» **Work order**: Write out, word for word, the part of the listing below that opens with the line containing "Oven roasted chicken" and closes with the line containing "Pinterest for Coaches", keeping both of those lines and adding no others.

» **Input**:
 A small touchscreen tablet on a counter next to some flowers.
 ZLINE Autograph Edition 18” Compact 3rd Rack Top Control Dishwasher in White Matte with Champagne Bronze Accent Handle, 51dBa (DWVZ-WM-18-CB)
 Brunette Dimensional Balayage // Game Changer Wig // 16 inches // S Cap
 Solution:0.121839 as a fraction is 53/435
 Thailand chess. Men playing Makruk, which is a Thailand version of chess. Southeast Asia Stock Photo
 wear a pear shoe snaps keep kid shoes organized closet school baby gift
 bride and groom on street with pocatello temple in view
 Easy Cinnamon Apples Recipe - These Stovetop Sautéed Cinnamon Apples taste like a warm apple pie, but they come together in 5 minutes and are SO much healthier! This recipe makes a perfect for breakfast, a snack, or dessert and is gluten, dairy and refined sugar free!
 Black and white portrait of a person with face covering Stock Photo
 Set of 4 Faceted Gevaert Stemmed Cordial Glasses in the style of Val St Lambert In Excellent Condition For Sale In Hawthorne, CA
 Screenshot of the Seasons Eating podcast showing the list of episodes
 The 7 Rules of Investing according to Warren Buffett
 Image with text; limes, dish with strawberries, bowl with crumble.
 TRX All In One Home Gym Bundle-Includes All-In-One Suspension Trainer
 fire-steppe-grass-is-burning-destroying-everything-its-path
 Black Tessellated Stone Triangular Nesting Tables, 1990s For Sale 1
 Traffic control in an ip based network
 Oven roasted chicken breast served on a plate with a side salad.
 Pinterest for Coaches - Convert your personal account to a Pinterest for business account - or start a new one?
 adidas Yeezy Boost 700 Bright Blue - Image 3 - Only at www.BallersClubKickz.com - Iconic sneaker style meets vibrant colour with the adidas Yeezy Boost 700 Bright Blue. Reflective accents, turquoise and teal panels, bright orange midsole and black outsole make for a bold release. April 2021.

» **Exercise response**:
 Oven roasted chicken breast served on a plate with a side salad.
 Pinterest for Coaches - Convert your personal account to a Pinterest for business account - or start a new one?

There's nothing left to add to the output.